JPEG Trust: Authenticity in an AI‑synthetic world
The web is being flooded with synthetic images, videos, and even news, all generated in seconds by powerful generative models. Humans and algorithms can no longer easily distinguish what’s real from what’s synthetic, and that directly impacts search ranking, brand trust, and user perception of authenticity.
JPEG Trust defines a framework for tracking origin, authenticity, and ownership of digital images, including AI‑generated content. This is essential for properly managing the dissemination and use of media that has been deliberately modified or created to manipulate public opinion (deepfakes), an objective defined in the AI Act issued by the European Union.

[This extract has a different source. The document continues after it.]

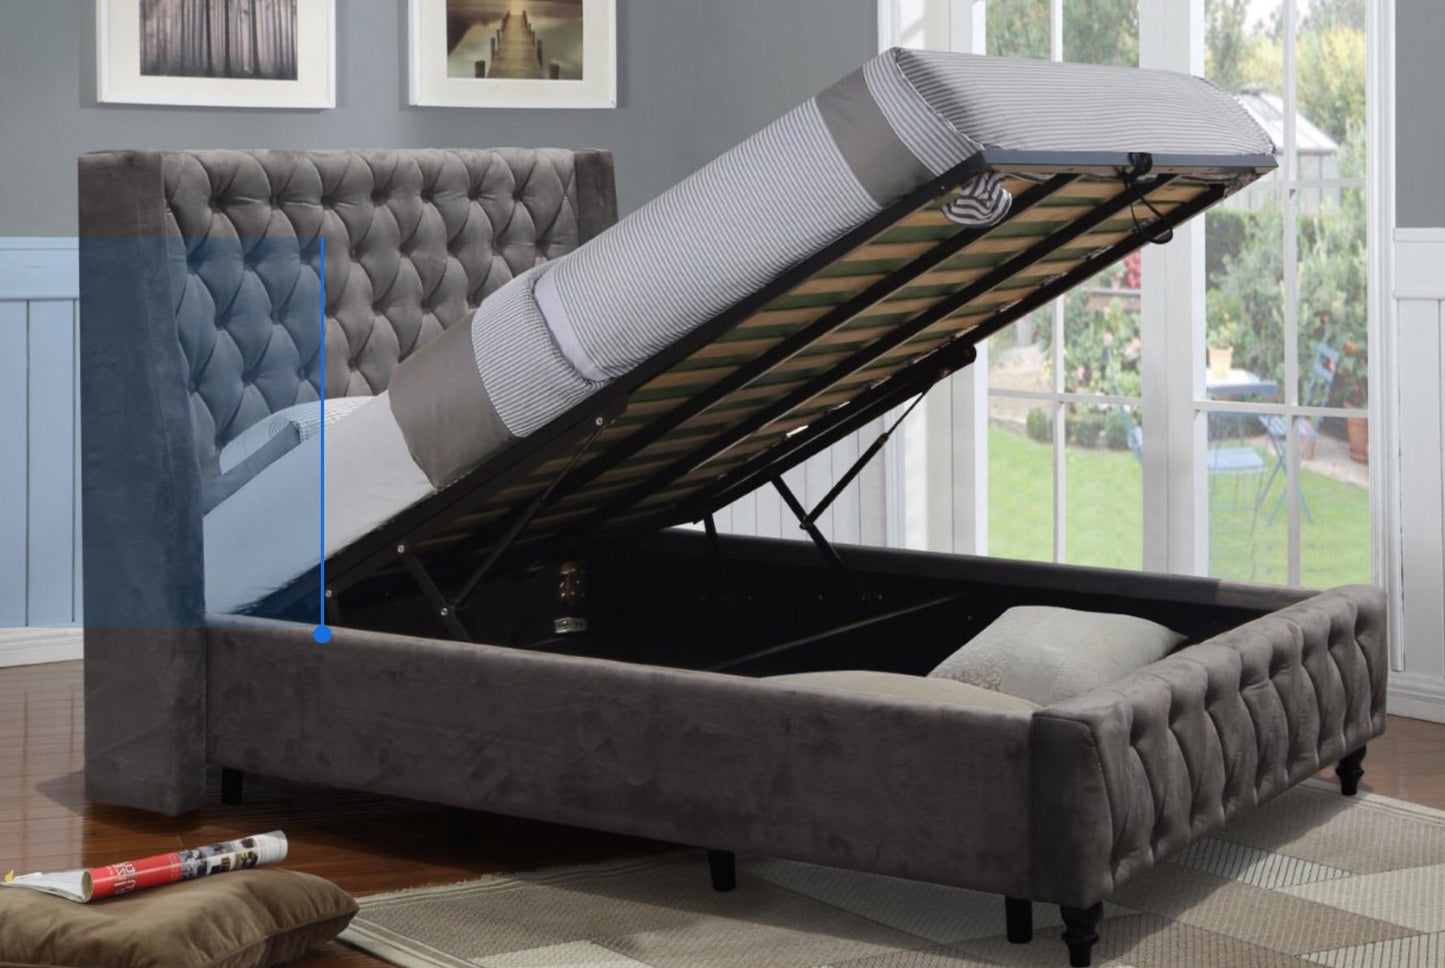 Jenkins Storage Bed (Gas Lift) with wings in stock was €850 reduced to clear
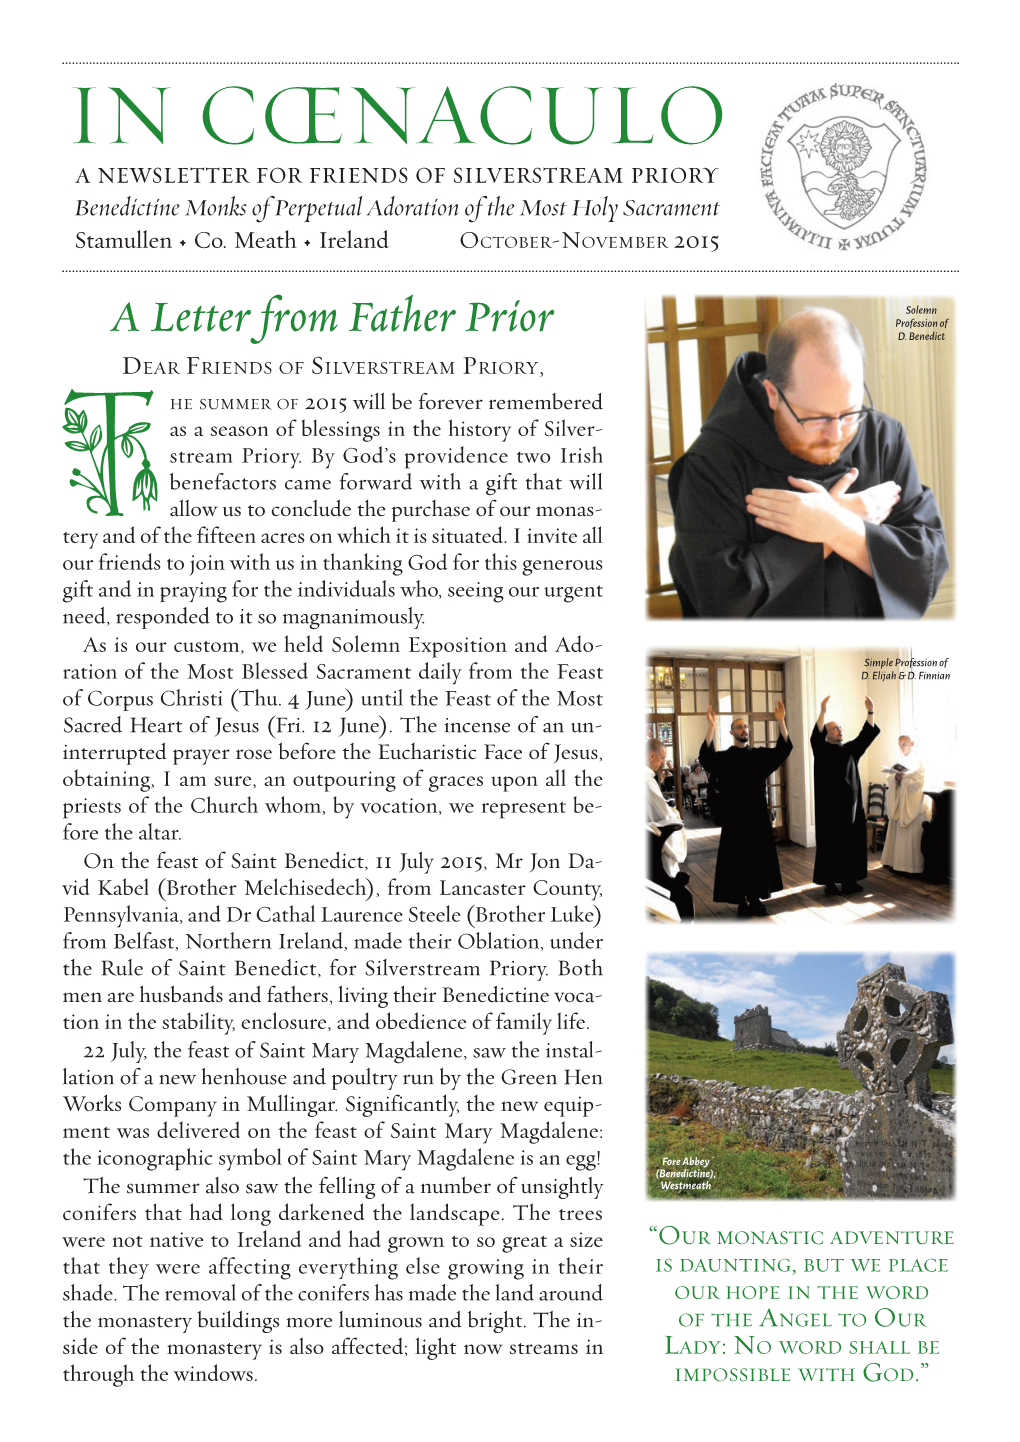 IN CŒNACULO a Newsletter for Friends of Silverstream Priory Benedictine Monks of Perpetual Adoration of the Most Holy Sacrament Stamullen • Co

JPEG Trust defines a framework for establishing trust in digital media.
It is built upon and extends the Coalition for Content Provenance and Authenticity (C2PA) engine, a solution to verify authenticity on the web. It defines a standard way to attach metadata to media that records its origin and any subsequent modifications.
Think of it as an embedded digital signature that travels with your content.
JPEG Pleno: Light fields, point clouds, holograms
JPEG Pleno is an international framework for representing and compressing plenoptic data: light fields, point clouds, and holograms. It goes beyond 2D images to capture the direction and intensity of light in space, not just color and brightness.
This is crucial for VR/AR, medical imaging, and cultural‑heritage applications, where you need high compression, random access, and interactivity on complex volumetric content.
JPEG Pleno standardises encoding tools and file formats so that next-generation capture devices, such as light-field cameras, LiDAR systems and volumetric platforms, can be integrated into interoperable workflows rather than customised, isolated pipelines.
JPEG XS: Lightweight, low‑latency video
JPEG XS is different.
This is because it targets video, but with a very different focus than MPEG. Instead of pushing compression to the limit, JPEG XS prioritizes ultra‑low latency and low complexity. In many professional workflows, it emerges as a practical alternative to uncompressed video.
A lightweight compression ratio of around 4:1 can be enough to transport a 4K/50p/4:2:2/10‑bit signal within the bandwidth traditionally required for 1080p50 over 3G‑SDI. That means: same cable, HD bandwidth, but 4K content. This not only saves bandwidth but also reduces energy consumption whenever the cost of compression is lower than the cost of transmission.
This is one of the reasons the Television Academy awarded a 2025 Technology & Engineering Emmy to Fraunhofer and intoPIX for their work on JPEG XS.
JPEG DNA: Storing images in molecules
One of the most fascinating explorations is JPEG DNA, where the storage medium is not magnetic or optical, but biological. DNA is nature’s original data store, with incredible longevity, orders of magnitude beyond any disk or tape.
The problem: our digital data production is exponential, while conventional storage media have limited durability and often become unreadable within a couple of decades (think floppy disks and CDs). DNA, by contrast, can preserve information for centuries or longer under the right conditions.
JPEG DNA aims to define how digital images can be encoded into DNA sequences in a way that is both efficient and robust, while respecting biochemical constraints and handling high error rates in synthesis and sequencing.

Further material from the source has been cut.